Another Kubert cover graces #49, featuring a scene that suggests events that are referred to within...more of a metaphorical image, I guess. Tony Bedard takes over writing duties and the art is handled by Carlos Magno and Jay Leisten, names I've never heard but they do a nice job. Jimmy Olsen displays some unexpected abilities in Arkham Asylum and avoids being eaten by Killer Croc. The Monitors argue amongst themselves and we learn that Jason Todd, Kyle Rayner (a Green Lantern), and Donna Troy (originally known as Wonder Girl) are "cosmic mistakes." Karate Kid and Red Arrow trade insults. Trickster and Pied Piper do a dirty deed to get back into the Rogues with doublecrosses aplenty. And Mary Marvel comes face to face with Black Adam. Dan Jurgens also starts a backup feature on the "History of the Multiverse." Again, a good solid DCU comic.

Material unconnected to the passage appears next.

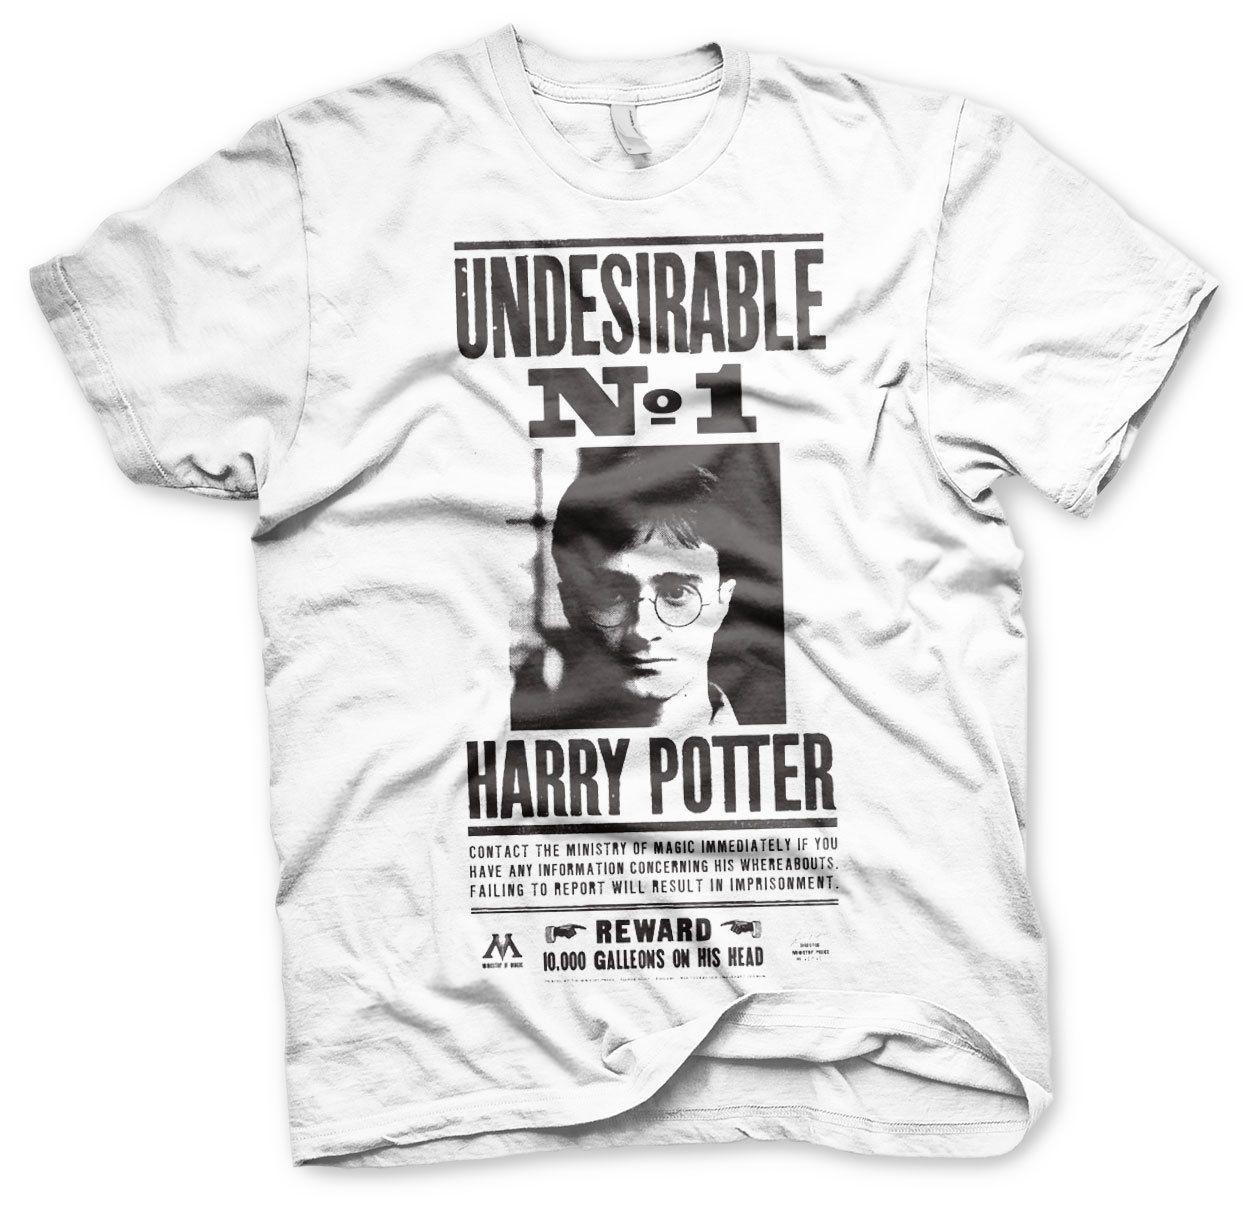 9c4de2155 Official Licensed Harry Potter Wanted Poster Men's T-Shirt S-XXL Sizes  (White)

Finally, I read #48. It picks up with Mary Marvel (momentarily, at least) avoiding being killed by Black Adam. Jimmy Olsen heads out to cover trouble and demonstrates another unexpected ability. Jason Todd catches up with Donna Troy and talks to her about living on borrowed time. Karate Kid has a conversation with addled Legion of Super-heroes teammate Star Boy (now a member of the JSA). The New God known as Lightray falls from the sky and Superman is unable to discover why...and then discovers that Lightray is dead. Writer Adam Beechen keeps up the quality and the art team of David Lopez and Don Hillsman (with Alvaro Lopez) is another solid one, as is the Andy Kubert cover. Mysteries abound and I plan to keep reading...look for a post on #47 and #46 later in the week!